Growing leaders: Four styles to achieve this goal

  • Published
  • By Lt. Col. Dale Grey
  • 341st Medical Operations Squadron commander
I recently attended a conference on leadership. The attendees were all new commanders and chief nurses. During the conference, the book "The Toyota Way" was referenced numerous times and recommended we take the time to read it. So I bought the book. I admit that I have picked up the book, skimmed a few pages and then put it down many times over the past several weeks.

Really, who wants to read about leadership? Isn't leadership what professional military education is all about? However, over the past couple of weeks, I needed information to guide me in the daily juggle of meeting access to care for our beneficiaries while ensuring nuclear surety for all certified members in the Personnel Reliability Program. Sounds easy, doesn't it? Well, it is not. I wanted the easy answers, so I started reading this highly recommended book.

As I read, I was looking for the "right way," "the solution," and great words of wisdom from a company that has had an outstanding record for many years. What I discovered is the 14 principles that have led the Toyota Corporation from day one and continues to this day. For this article, I will focus on principal nine: "Grow leaders who thoroughly understand the work, live the philosophy, and teach it to others." Toyota's leaders are found from within the company. Isn't that what the military does? After all, we did not join the Air Force one day and find ourselves in a leadership role the next; no, we have worked and studied hard to become leaders.

Toyota has a very distinctive approach to leadership. They have divided leadership into four types. There are two top-down or directive leadership types and two bottom-up or developmental leadership types. Depending on the circumstance at hand, one wants to have a bit of each trait in their leadership tool kit.

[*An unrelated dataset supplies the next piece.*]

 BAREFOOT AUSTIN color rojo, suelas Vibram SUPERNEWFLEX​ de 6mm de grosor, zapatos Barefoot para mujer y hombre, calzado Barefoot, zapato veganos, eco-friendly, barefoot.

The two directive leadership types are the "Bureaucratic Manager" and the "Taskmaster". The Bureaucratic Manager is also known as "the rule follower." This type of leader is the least effective. The Bureaucratic Manager makes rules and sets policies then measures performance by these rules. Under this leadership type, the company can easily lose focus on customer satisfaction and the value in building a learning organization. Performance metrics are key to the Bureaucratic Manager.

As ill flattering as this sounds, there are times when I have to be the bureaucratic manger. Whether in a conference room looking at monthly metrics or sitting in a telephone conference with MAJCOM reviewing the population healthy living metrics, I must put on my Bureaucratic Manager hat and evaluate progress based on metrics.

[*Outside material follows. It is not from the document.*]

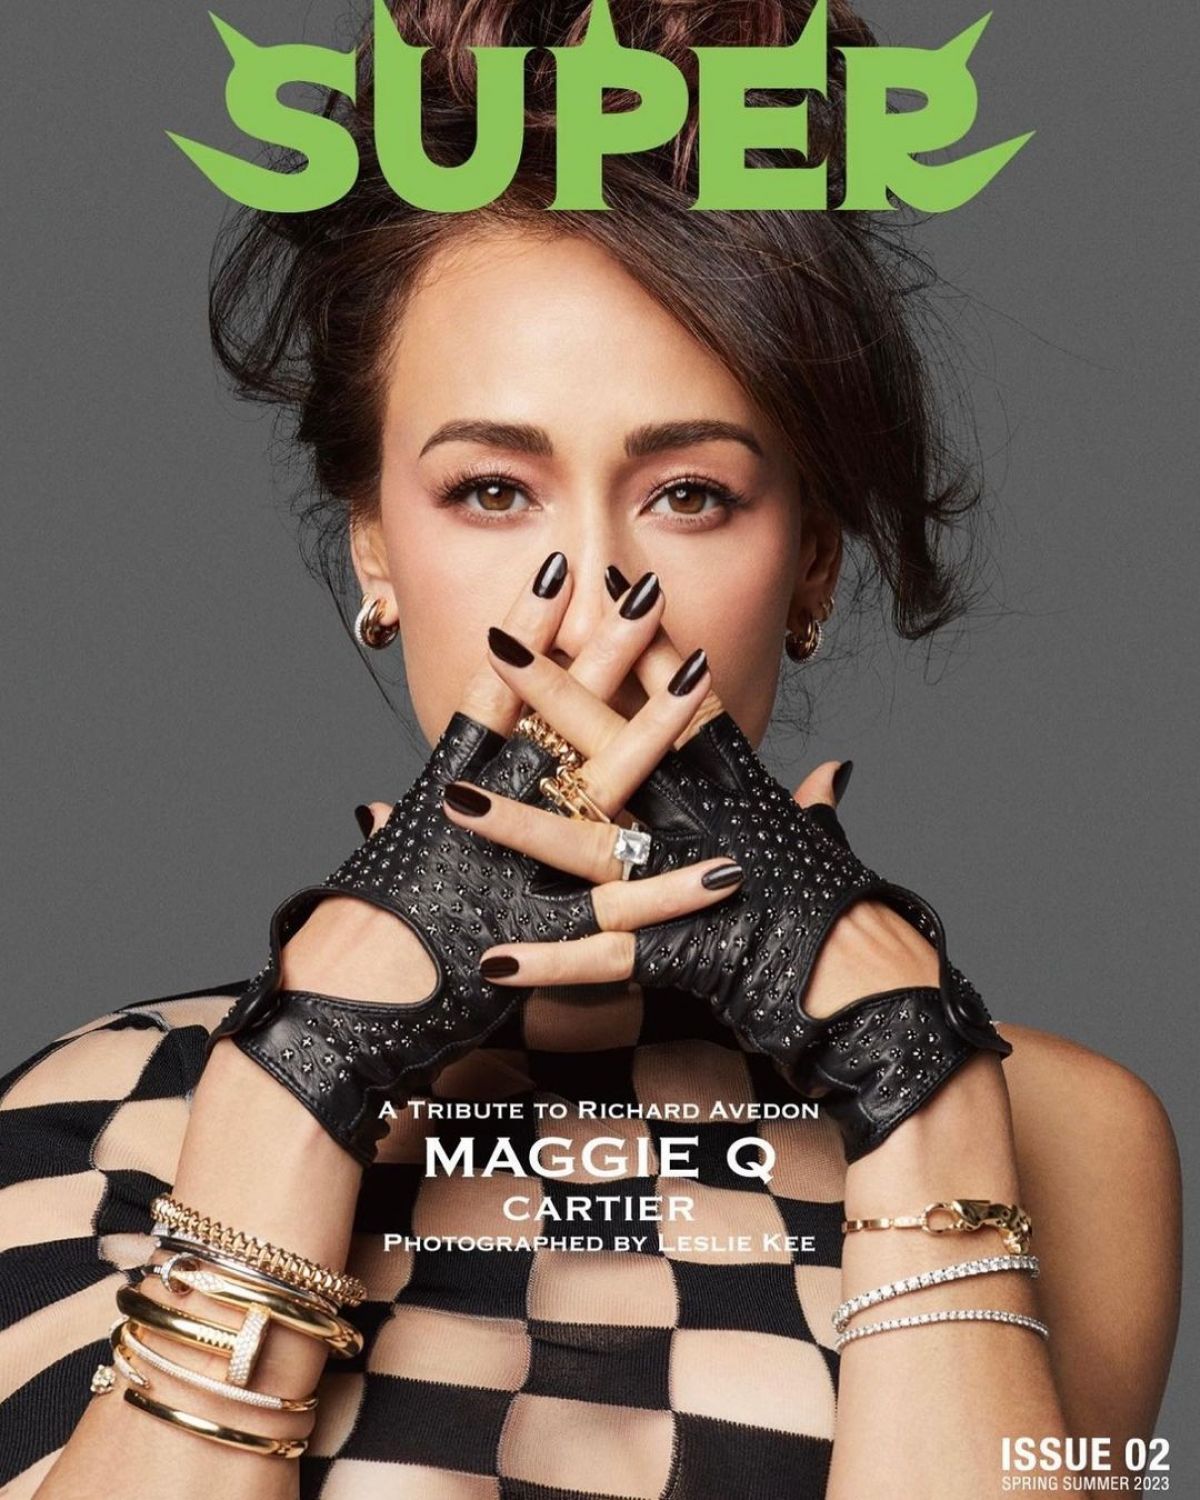 Maggie Style. Super magazine

The second type of directive leader is the "Task Master." This type of leader tells you what they want and how to do it. They have a strong understanding of work and are known as the expert, but they lack people-leading/motivating skills. They tend to be distrustful of others who have less experience. Now, I admit the Taskmaster is the last place I want to spend time. I personally cannot see how this type of approach can be successful.

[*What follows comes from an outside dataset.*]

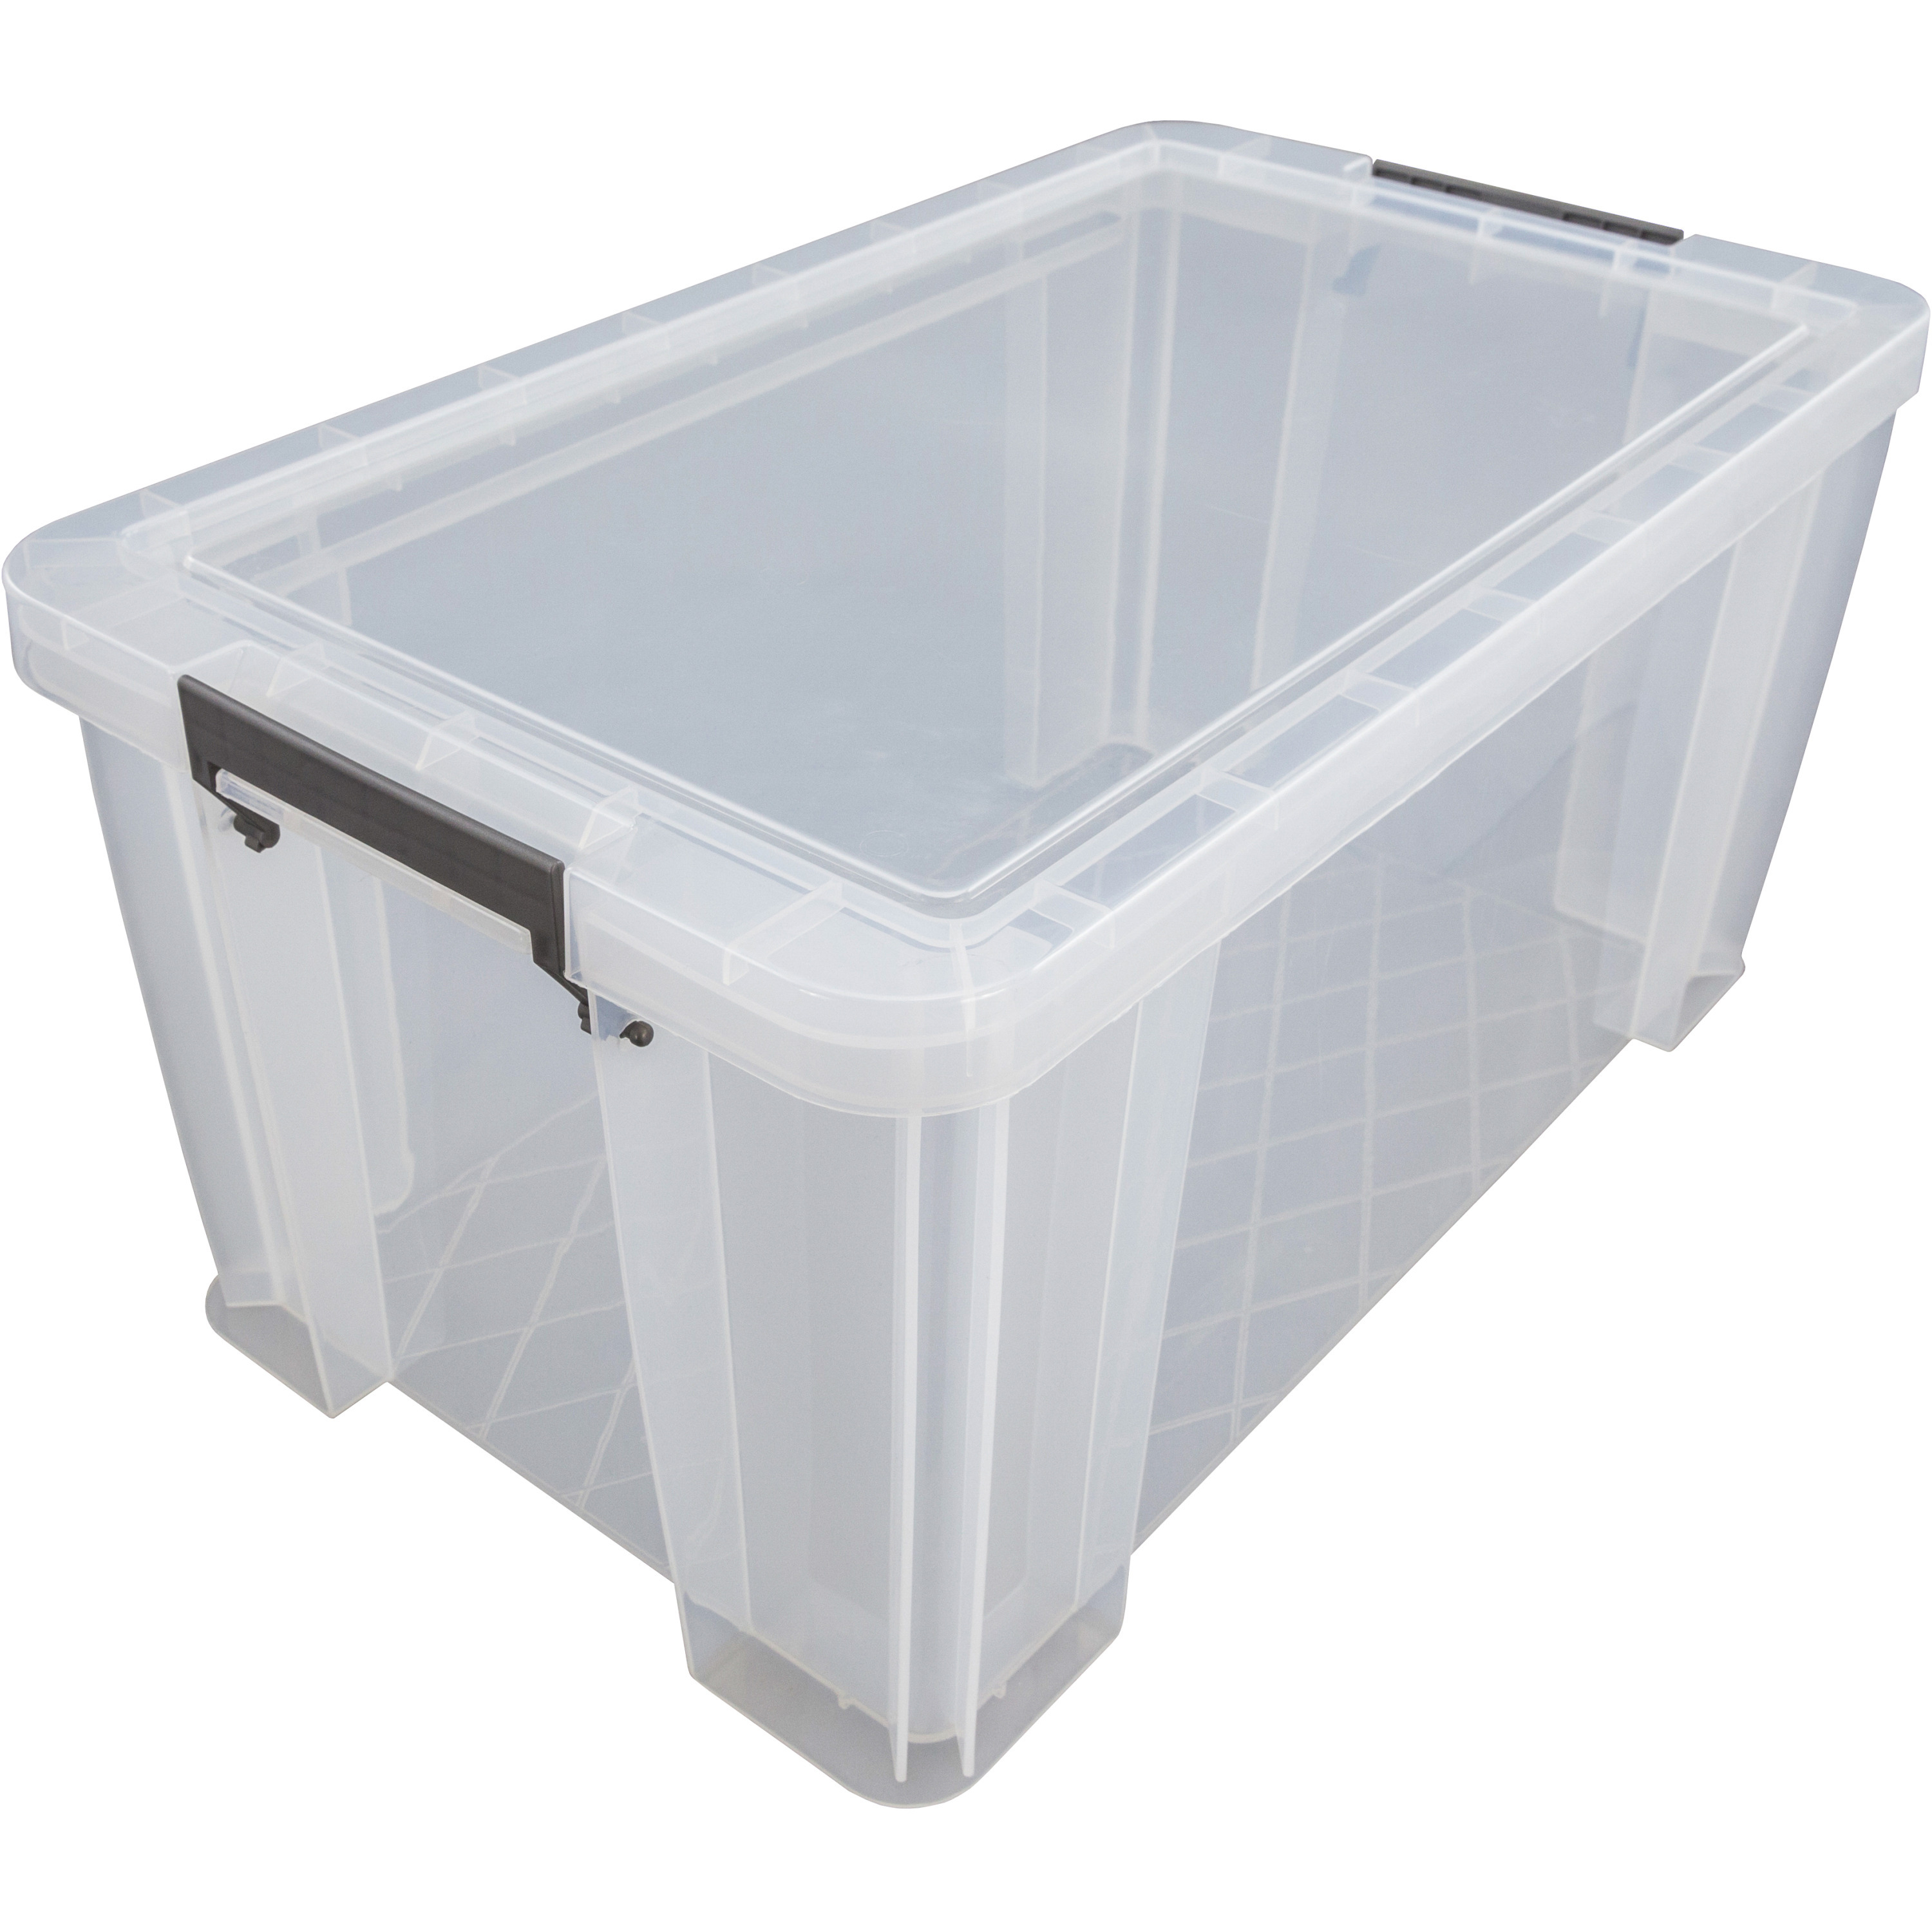 Allstore Opbergbox 54 liter Transparant 66 x 38 x 31 cm

However, there are times when we are required to be the Taskmaster. When there is a quick-turn tasker for MAJCOM or the wing, I must be the Taskmaster to ensure the job is done quickly and correctly. What is important to remember when you have to assume the role of the Taskmaster, is that there can be many ways to achieve the end product.

As leaders, we must state our end objectives clearly and if a given order of completion is required, this must be known at the start of the project. The Bureaucratic Manager and the Taskmaster are known to give orders and tell the team exactly how they want it done with no deviation or input from others. They are often referred to as micro-managers.

The developmental leadership types are the "Group Facilitator" and the "Builder of Learning Organizations." The Group Facilitator is known to empower employees. The Group Facilitator develops and motivates employees to work together towards a common goal, however; they may not be the subject matter expert. Therefore, the Group Facilitator cannot always guide on work content, but are able to motivate and help others to develop and implement solutions that will lead the project and organization to success. There are times I need to be the group facilitator. I don't have expertise in all areas, and I must rely on my experts to achieve a goal. In those situations, I'm there to keep the process going, the facilitator.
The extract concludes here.